WASHINGTON (Reuters) -The White House said on Monday that a search by the Justice Department of President Joe Biden’s home on Friday was carried out after a “voluntary, proactive offer” by his personal lawyers to the department.
A new search of Biden’s home in Wilmington, Delaware, by the department found six more items, including documents with classification markings, a lawyer for the president said in a statement on Saturday night.
Some of the classified documents and “surrounding materials” dated from Biden’s tenure in the U.S. Senate, where he represented Delaware from 1973 to 2009, according to his lawyer, Bob Bauer. Other documents were from his tenure as vice president in the Obama administration, from 2009 through 2017, Bauer said.
“This was a voluntary, proactive offer by the president’s personal lawyers to DOJ to have access to the home,” said White House spokesman Ian Sams.
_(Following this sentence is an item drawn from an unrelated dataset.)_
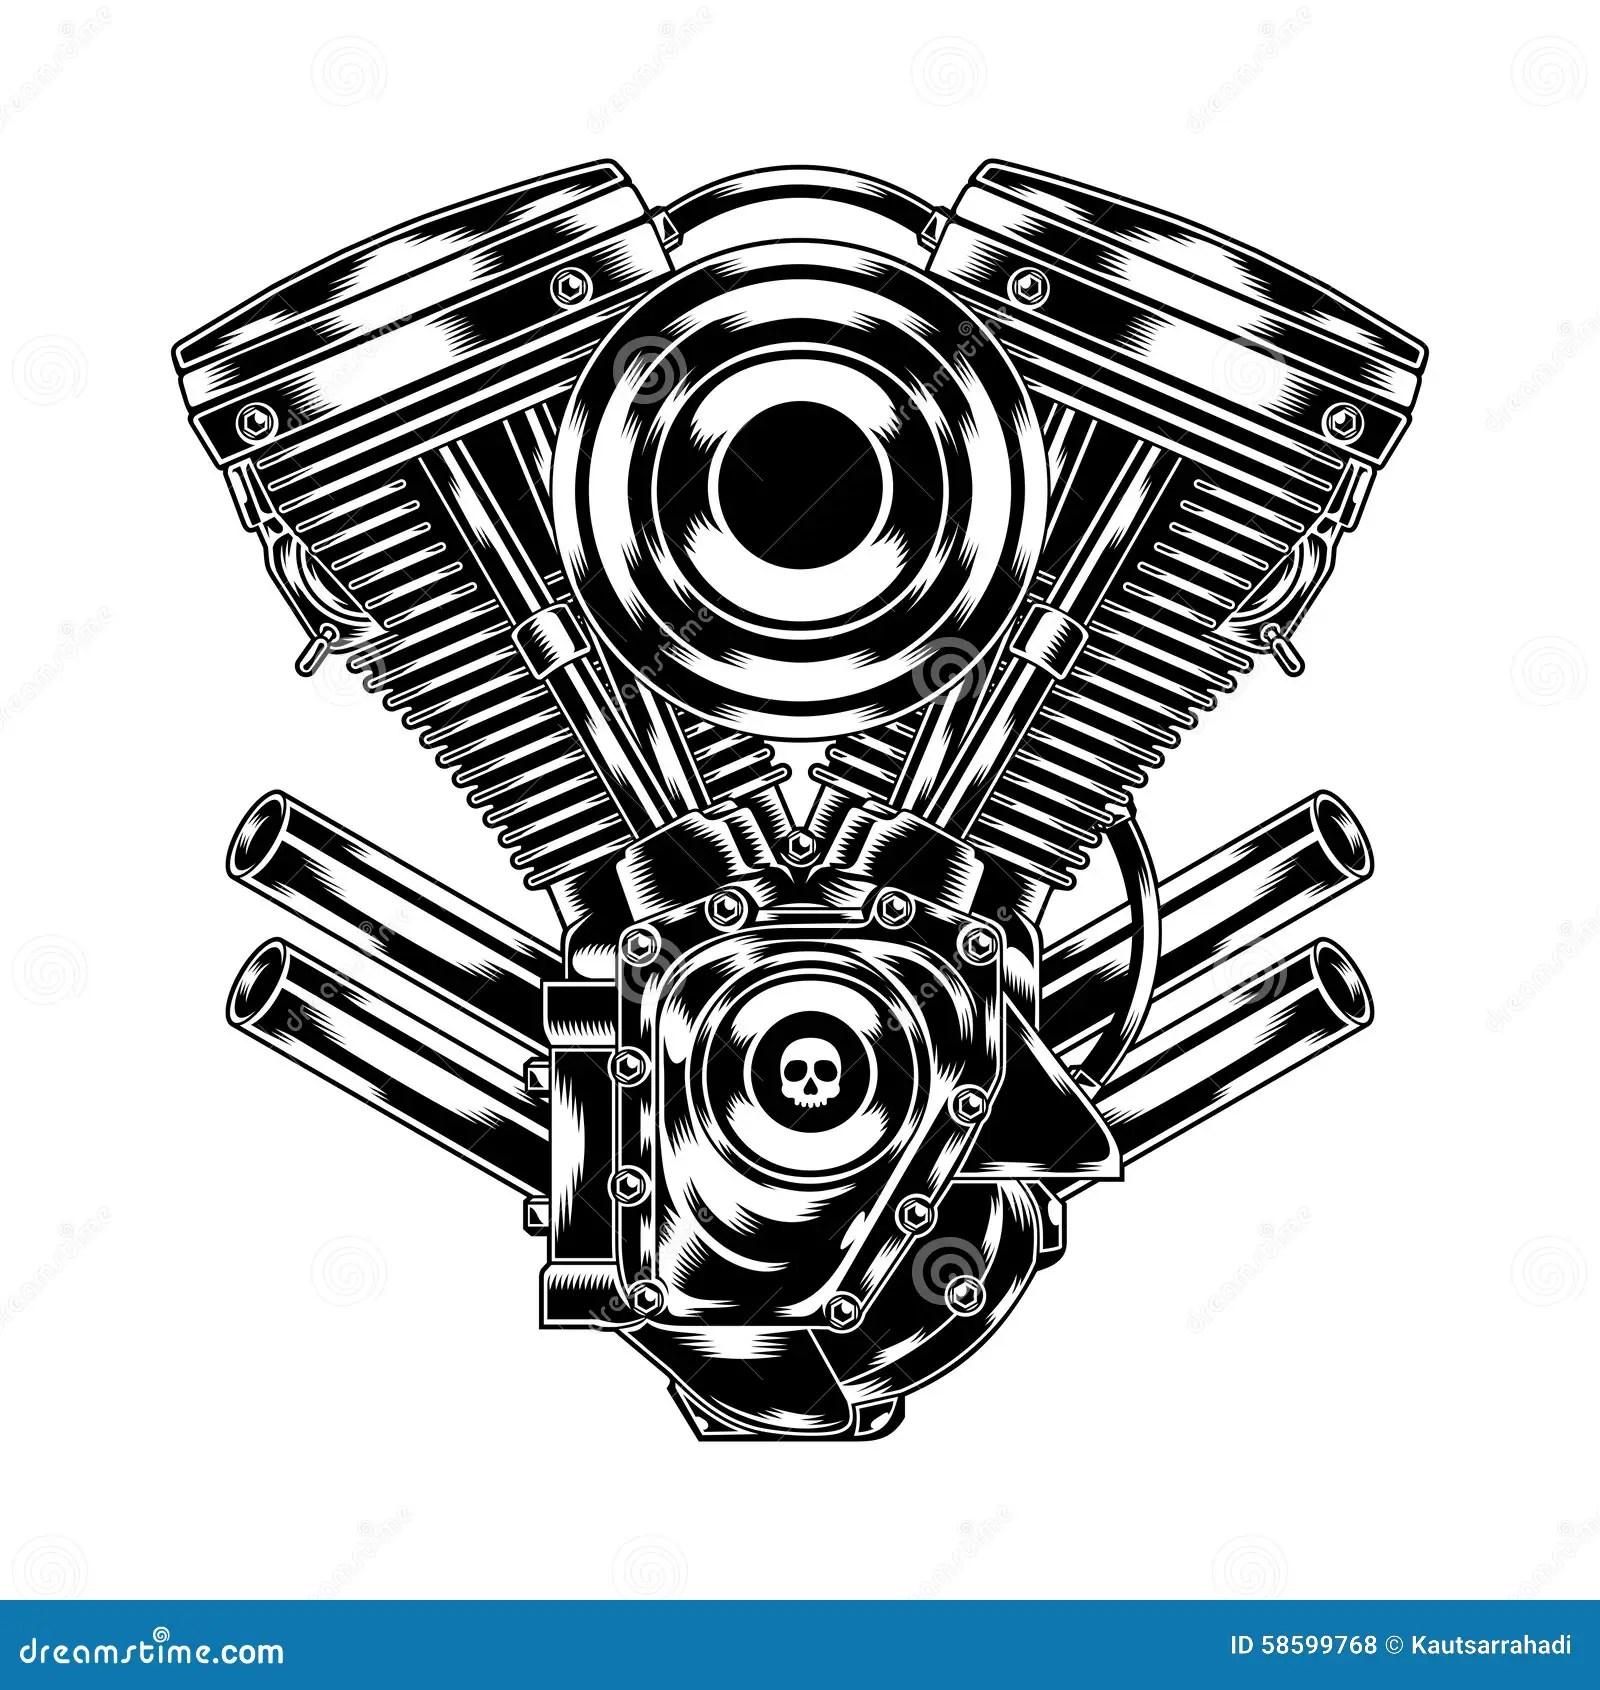 Silnik Stockowych Ilustracji, Wektorów & Klipartów

Sams declined to provide more clarity on the exact content of the materials taken from the Wilmington house. Biden had been kept informed throughout this process, the White House said.
The search increases the legal and political stakes for Biden, who has insisted that the previous discovery of classified material at his home and former office would eventually be deemed inconsequential.
Sams also said the White House counsel has sent a letter to the Chairman of the Republican-controlled House of Representatives Oversight Committee in response to his inquiries about the classified documents found at Democrat Biden’s home and office.
Republicans have compared the investigation to an investigation into how Biden’s predecessor Donald Trump, a Republican, handled classified documents after he left office in January 2021.
The White House has said Biden’s team has cooperated with authorities in their investigation of documents and turned them over. Trump resisted doing so until an FBI search in August at his Florida resort.